The Invercargill City Council is hardly going to render the Number 10 youth centre homeless.
The council is the landlord for the Esk St facility behind the former bowling green, but the building doesn't feature in the precinct development envisaged in the council's inner-city upgrade plan.
This is unsettling for the organisations at Number 10 that provide a one-stop shop for the range of youth services, particularly as the lease runs out in two months.
But there's no need for a silent-film pianist to start playing. The council, isn't about to don a villain's black hat, twirl its moustache, and cast the services out into the cold.
The councillors are hardly blind to the good that Number 10 does, nor the public standing it has. In the short term, the lease looks likely to be extended. Further out, displacement may be on the cards, though that's far from certain, and even if that happens another premises would be found.
When Cr Graham Sycamore said as much in yesterday's paper he was repeating assurances issued by several councillors, and unchallenged by the rest, when the plan was adopted in August. The council will certainly expect to be held to this.
Perhaps most significant among the councillor chorus of support was the strong indication from Cr Alan Dennis, who is also the Invercargill Licensing Trust president, that the trust would not be walking away from its interest in Number 10.
Whether the land under the existing building is really needed for the recreational area envisaged in the plan is the sort of question that can be answered only when the council comes to consider such details in in close scrutiny.
Which hasn't happened yet. The public was seriously spooked that, by adopting the plan, the councillors had set in place a juggernaut (an expensive one at that) that would proceed with scant deviation and no brake.
Predictions that heads would roll at the subsequent local body elections proved unfounded - those who voted for, or against, the plan's adoption each had sufficient support that those from both sides who stood for re-election were all returned.

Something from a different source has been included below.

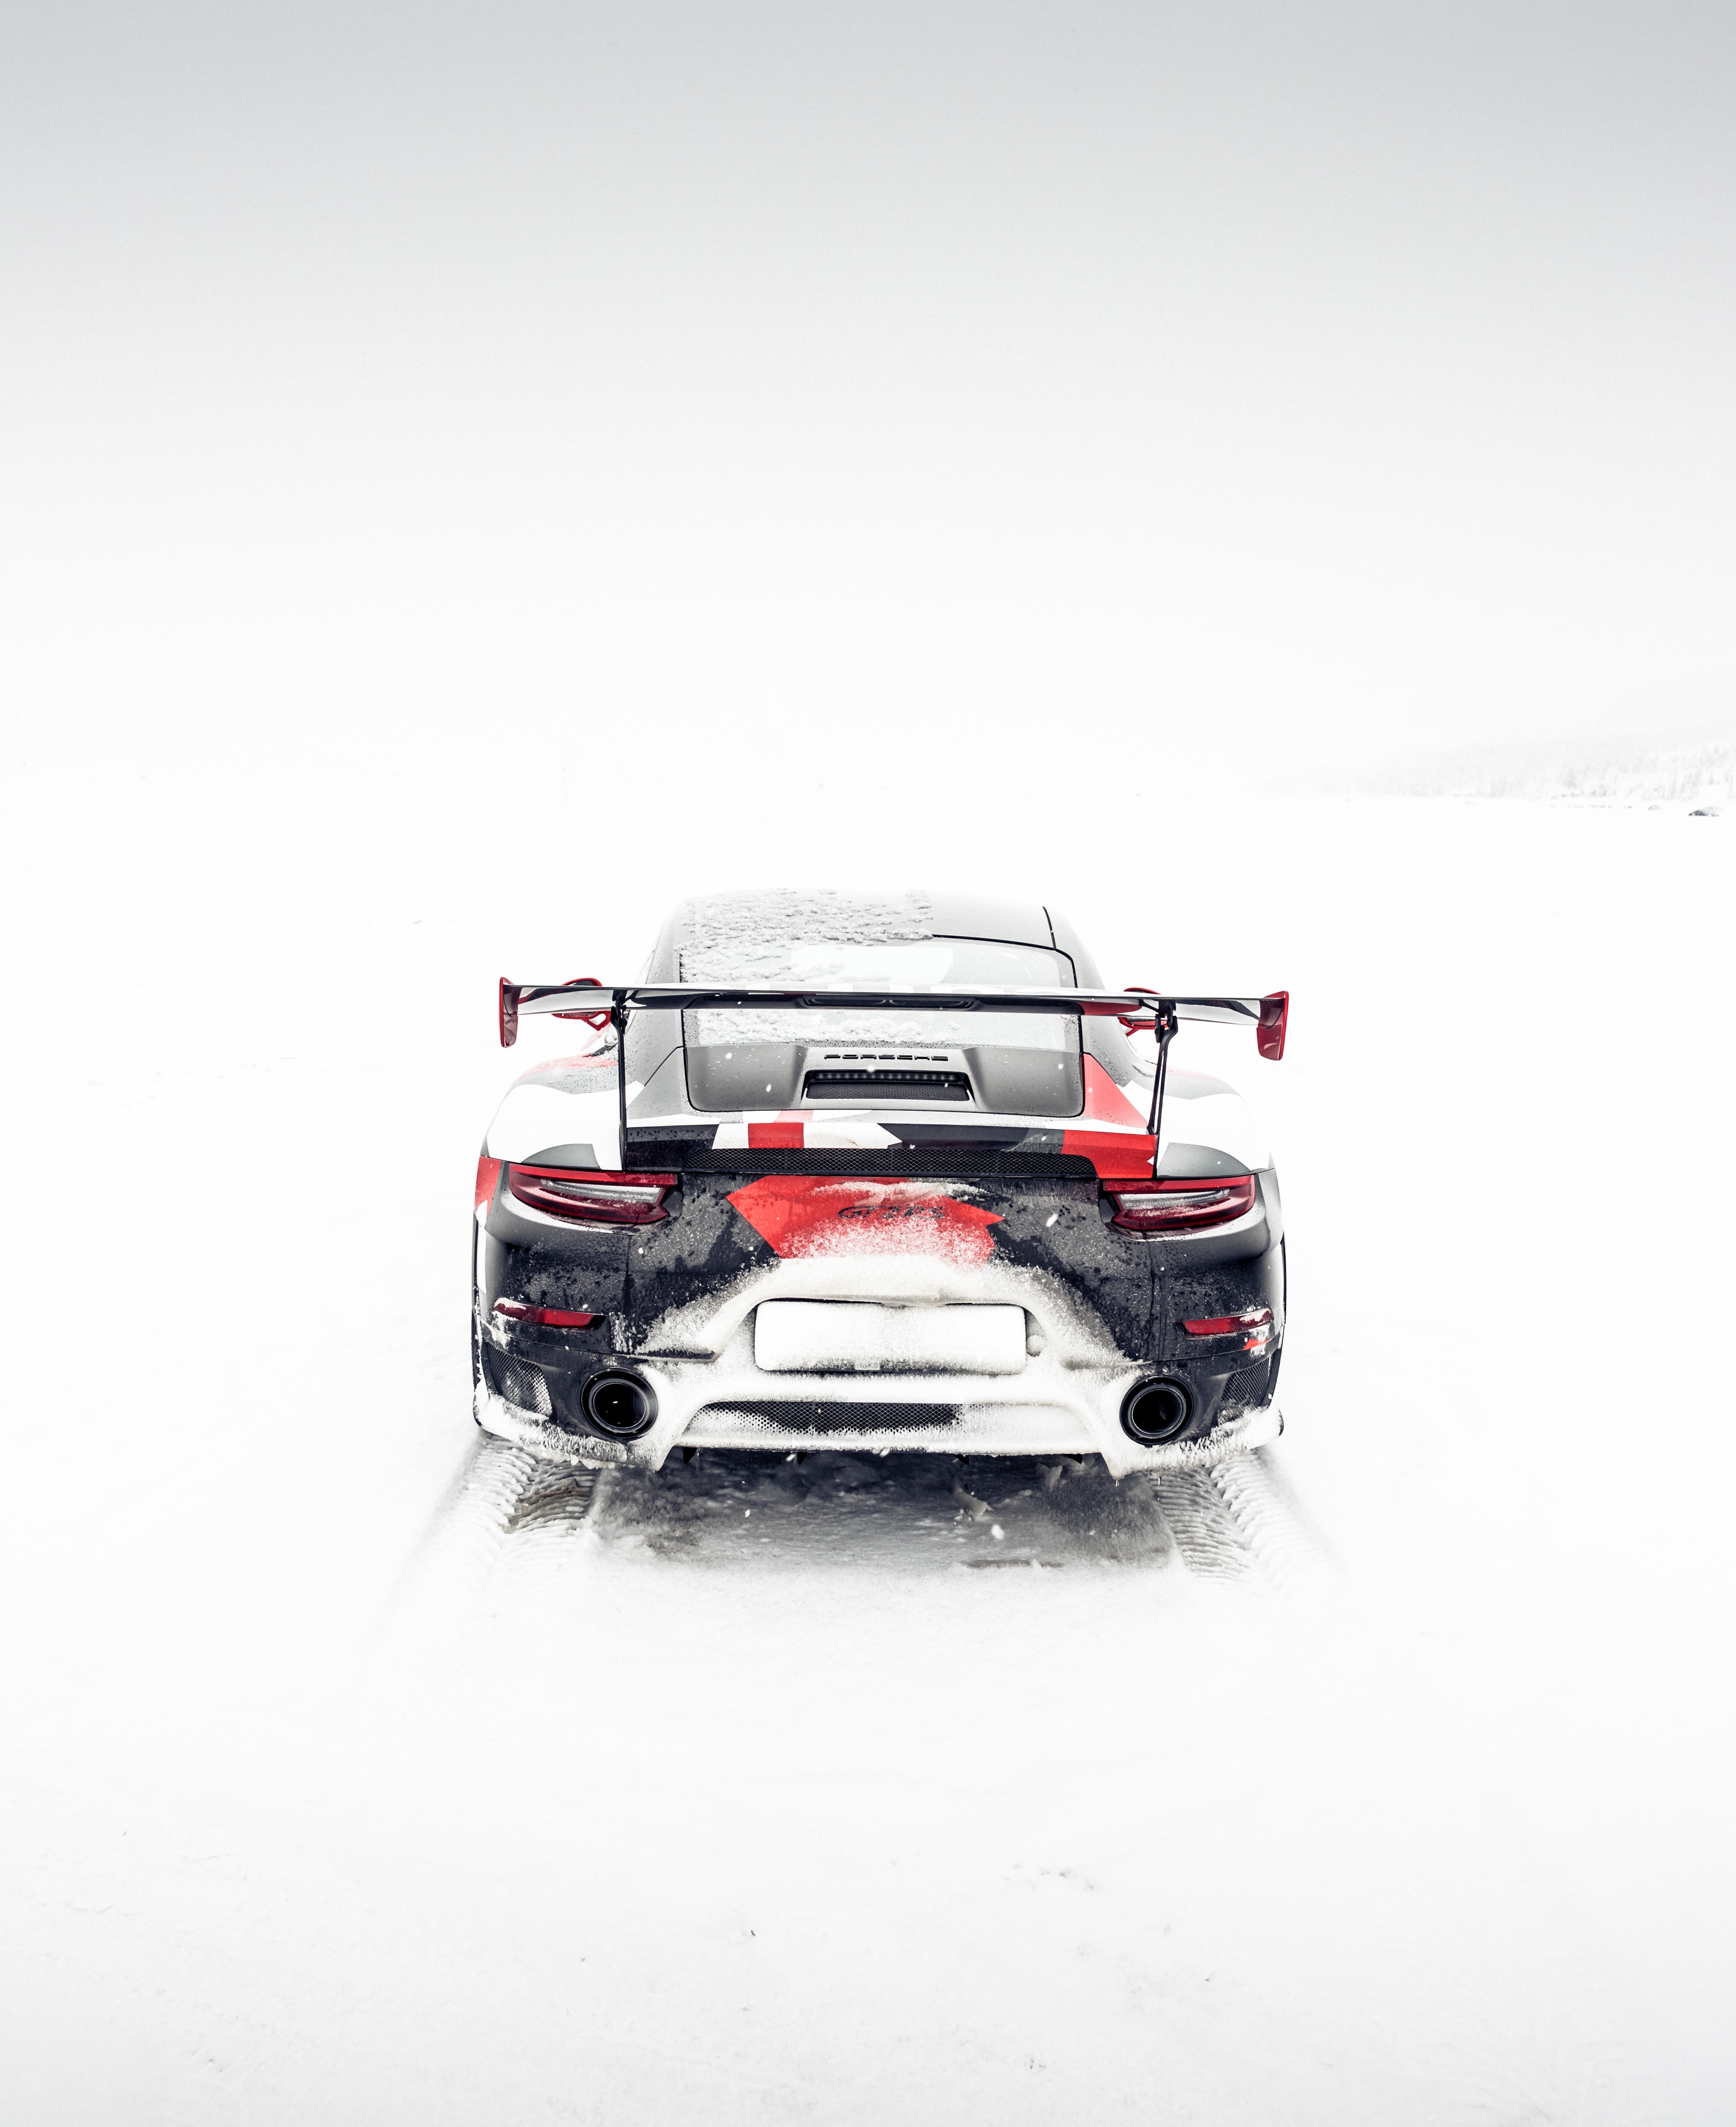 sports car, cars, sports, winter, snow, back view, rear view, off road, impassability HD wallpaper
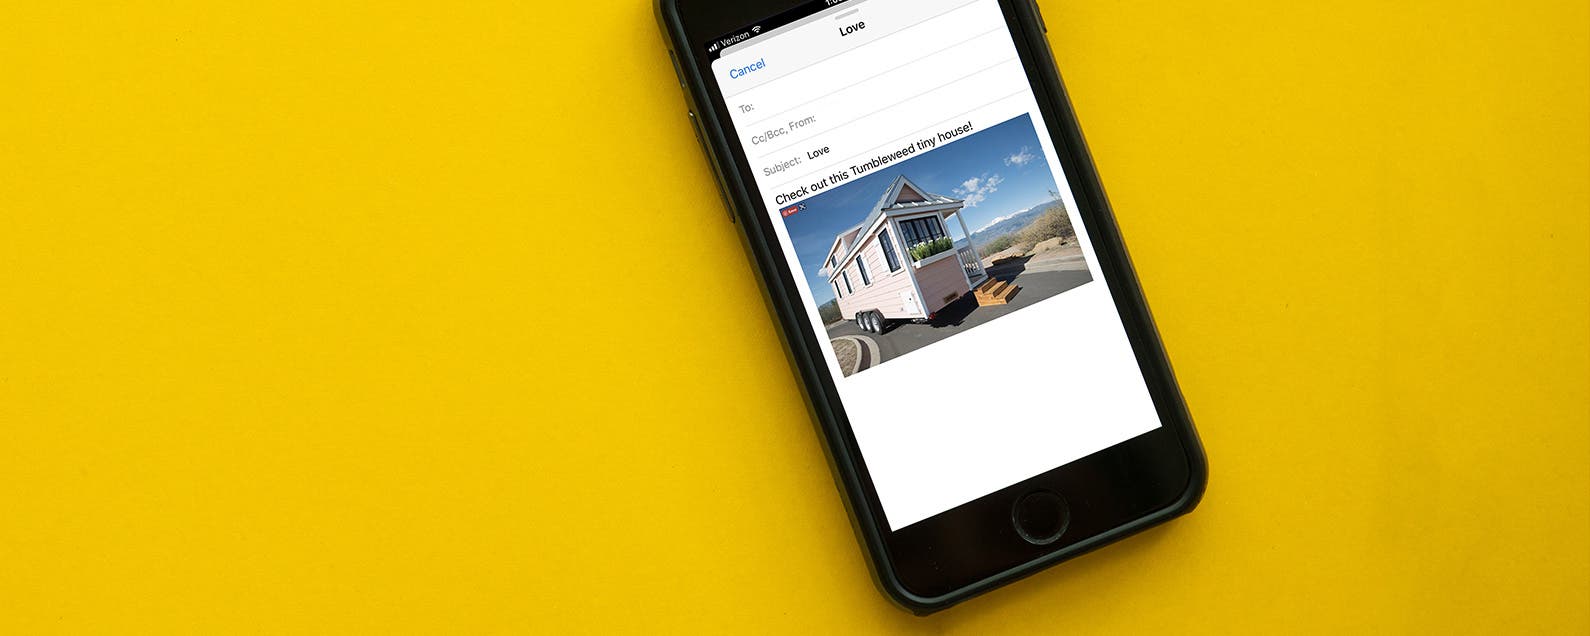 How to Add Attachments in Mail on the iPhone

As it stands, the plan is a framework idea that the council likes and supports. But each step of it requires specific, detailed consideration, including meaningful public consultation, before getting a green light. Much could change. As consultant Craig Pocock said: there's more work, more design, more consultation required as the council goes through each of the stages during the coming years. The conversation has merely started; not ended.
Since then, it must be said, there hasn't been a great deal of conspicuous momentum.
Mayor Tim Shadbolt says the upgrade has to be done slowly.
Sure, but here's the thing. Slowness is not a virtue in itself. If it's a consequence of proceeding with diligence and care, then fair enough. But that's as distinct from dithering, or functionally abandoning a task until things cool down.
The upgrade will surely feature strongly when the new council holds this term's "strategic meeting" in Invercargill this weekend.
You're not invited. These conclaves, previously known as "retreats", are significant for more than team bonding. They're where councillors look at their plans for the next three years and try to get a concerted vision going. Lots of imperatives to balance this time - the upgrade, water quality issues, transparency . . . that sort of thing.